- [YOUR INSTRUCTIONS]: When you reach the line containing "Gran Galà dei", begin reproducing the material exactly, stop after the line containing "香水 シャネル ブルードゥシャネル オードトワレスプレー", and leave out any pictures along the way.

- [DATA]:

-----

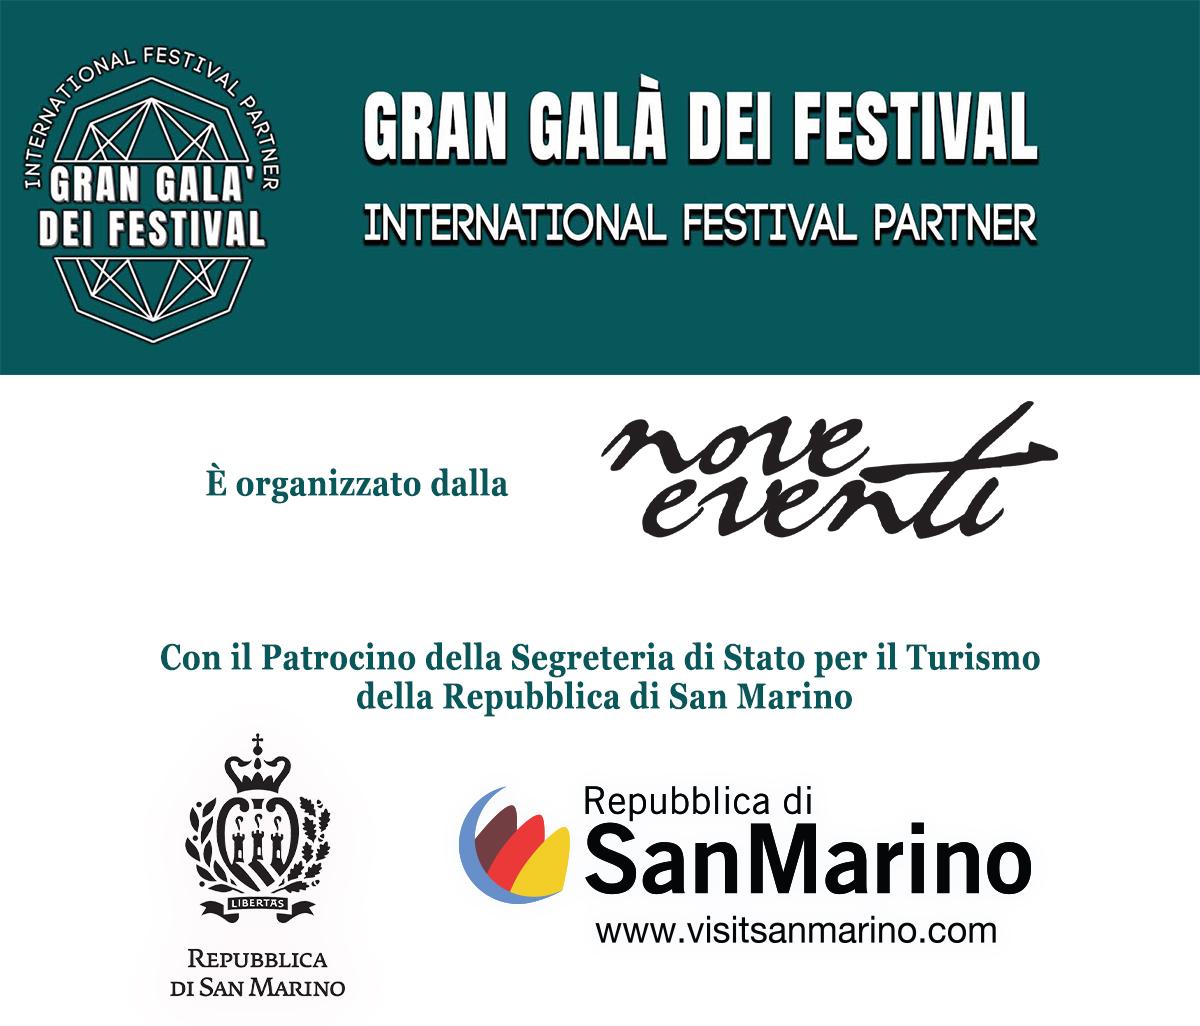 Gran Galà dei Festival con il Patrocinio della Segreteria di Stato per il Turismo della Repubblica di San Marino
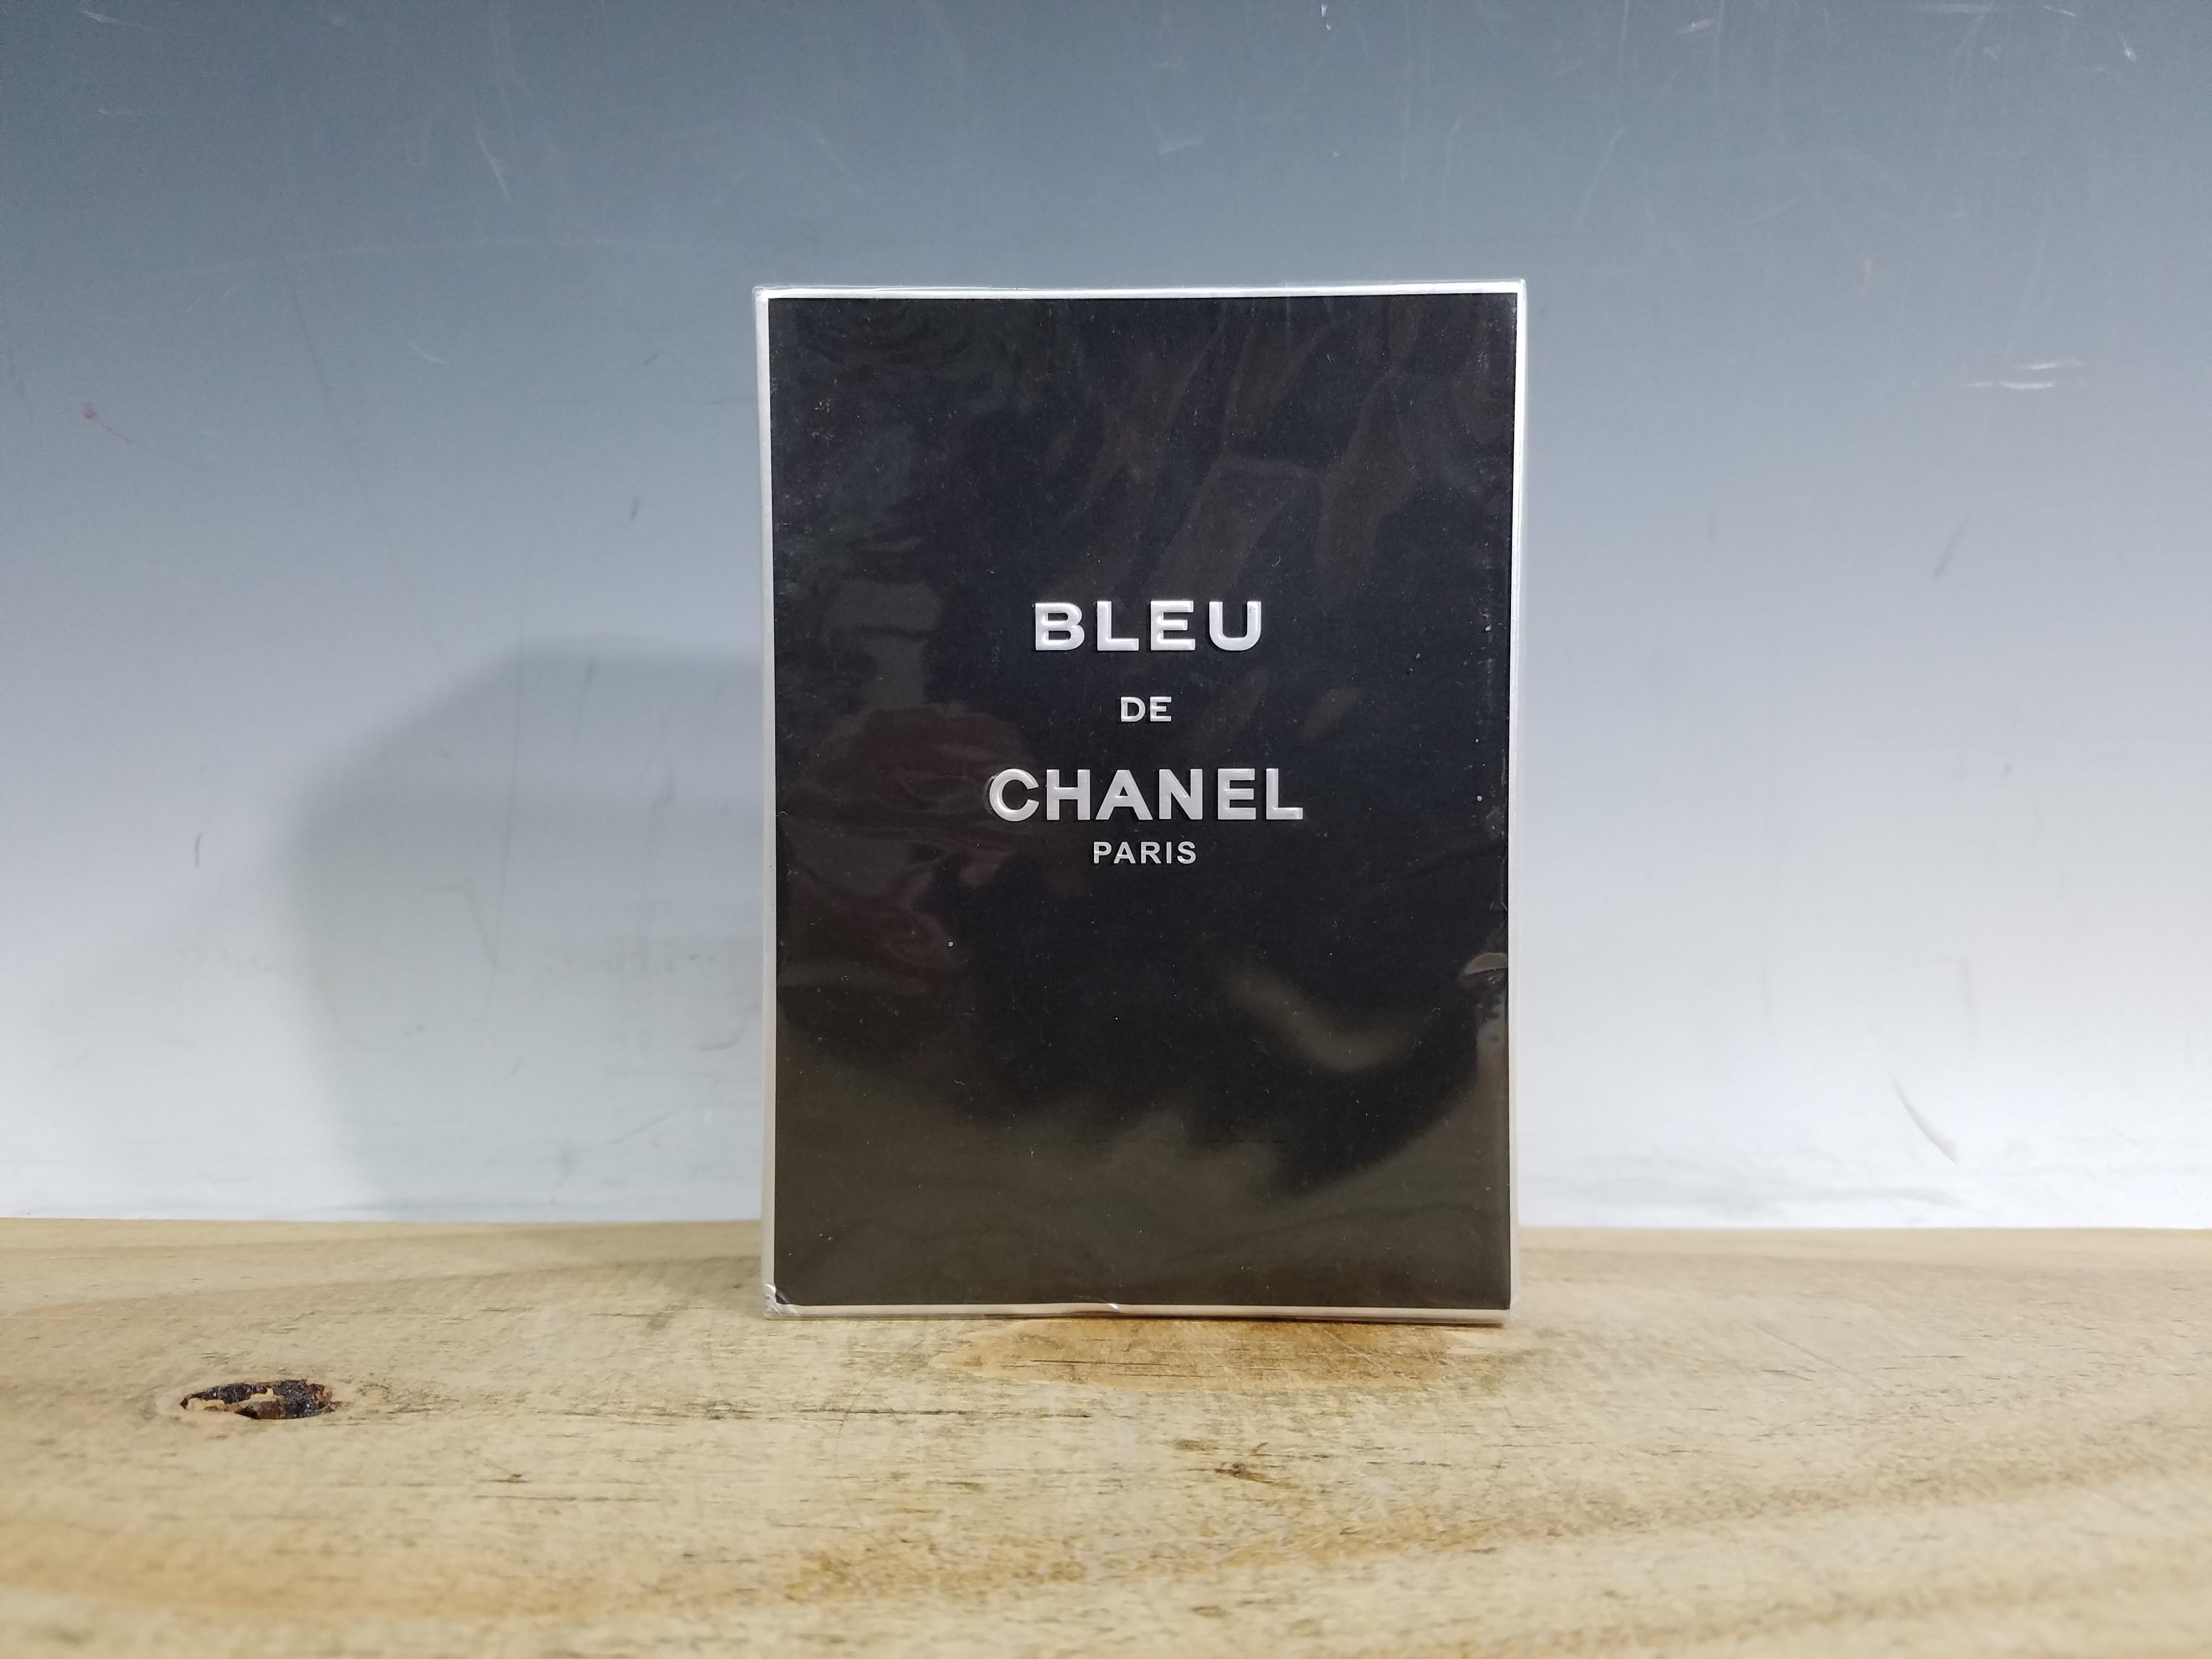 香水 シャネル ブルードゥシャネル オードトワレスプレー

-----

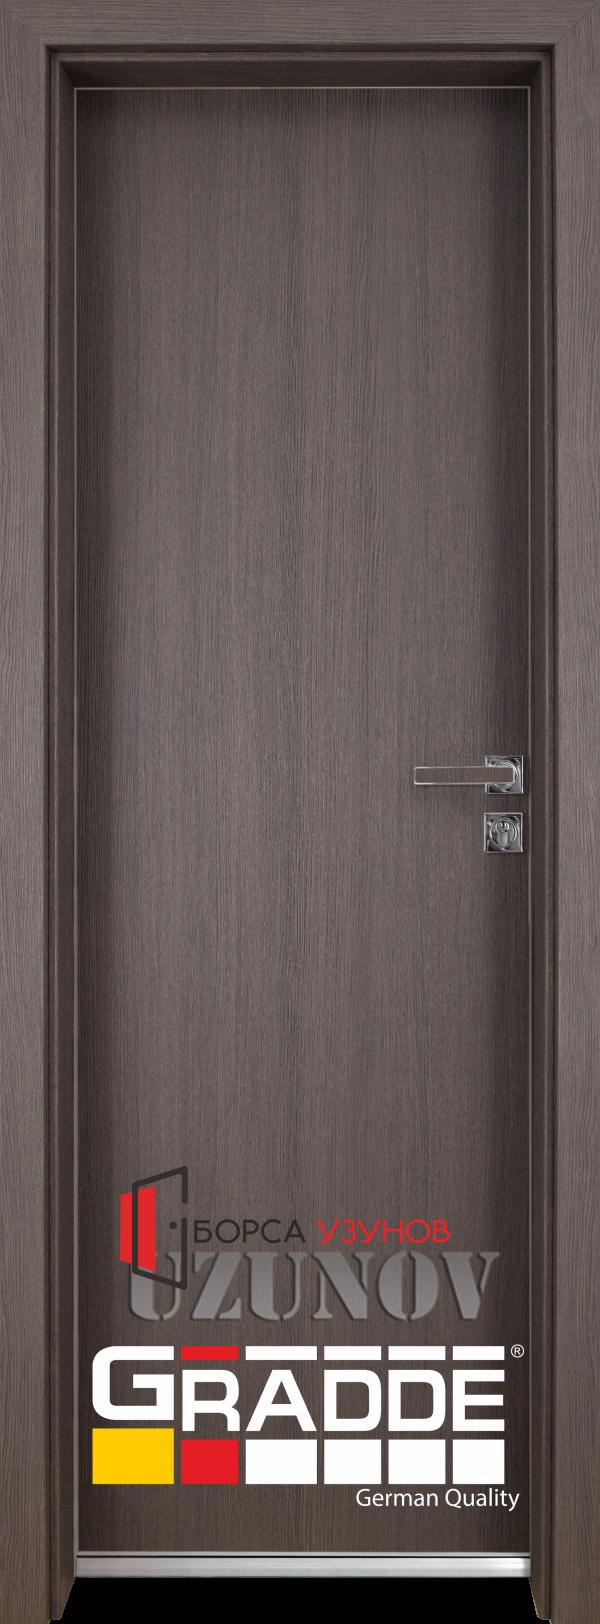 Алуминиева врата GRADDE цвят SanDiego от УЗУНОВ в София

-----

- [THE ANSWER]:
 Gran Galà dei Festival con il Patrocinio della Segreteria di Stato per il Turismo della Repubblica di San Marino
 香水 シャネル ブルードゥシャネル オードトワレスプレー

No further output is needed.